Immediately below the mouth of the Mexcala, on the border of the Pacific, were the lands of the Cuitlatecs, and also the province or kingdom of Zacatollan, whose capital was the modern Zacatula. Of these two peoples absolutely nothing is known, save that they were tributary to the Aztec empire, the latter having been added to the domain of Tezcuco in the very last years of the fifteenth century.
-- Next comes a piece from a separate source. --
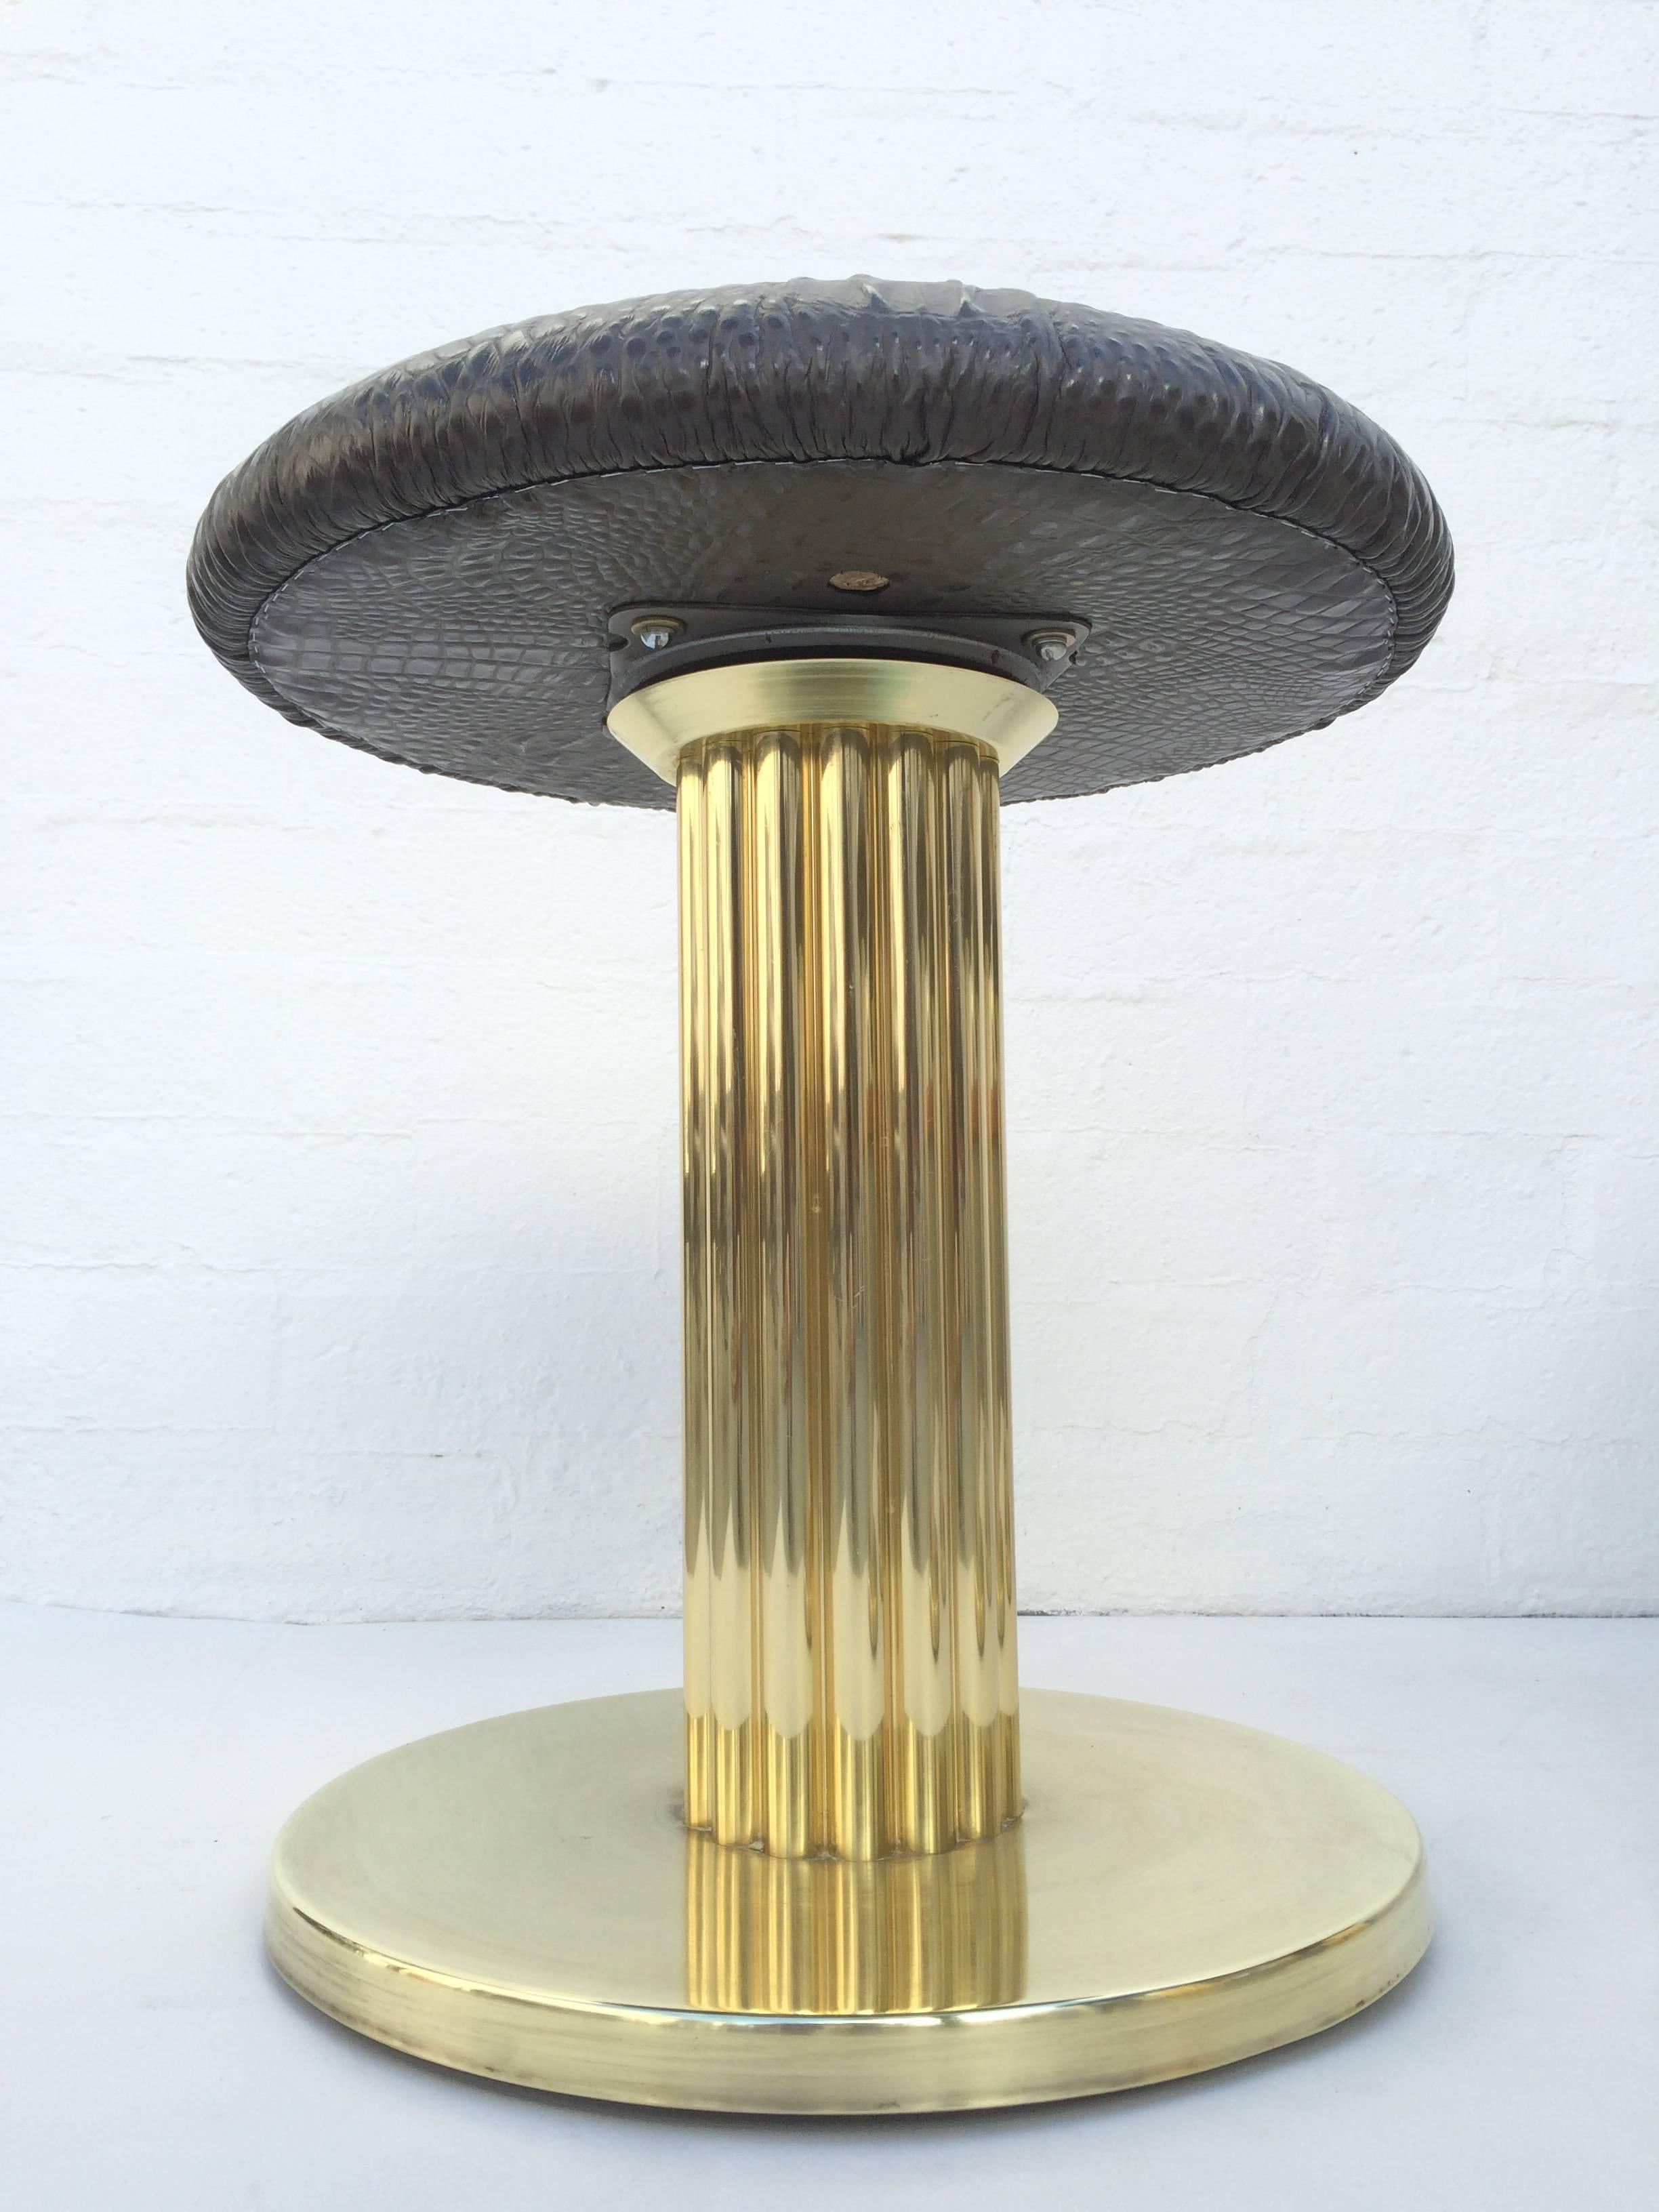 Late 20th Century Brass and Leather Swivel Stools by Design for Leisure Ltd

The provinces that extended south-westward from Anáhuac to the ocean, belonging chiefly to the modern state of Guerrero and included in what I have described as the Aztec empire proper, were those of the Tlahuicas, whose capital was Cuernavaca, the Cohuixcas, capital at Acapulco, the Yoppi on the coast south of Acapulco, and the province of Mazatlan farther inland or north-east. The name Tlapanecs is also rather indefinitely applied to the people of a portion of this territory in the south, including probably the Yoppi. Of the names mentioned we have met those of the Tlahuicas and Cohuixcas among the tribes newly springing into notice at the beginning of the Chichimec period. It is probable that nearly all were more or less closely allied in race and language to their Mexican masters, their political subjection to whom dates from about the middle of the fifteenth century.

MIZTECS AND ZAPOTECS.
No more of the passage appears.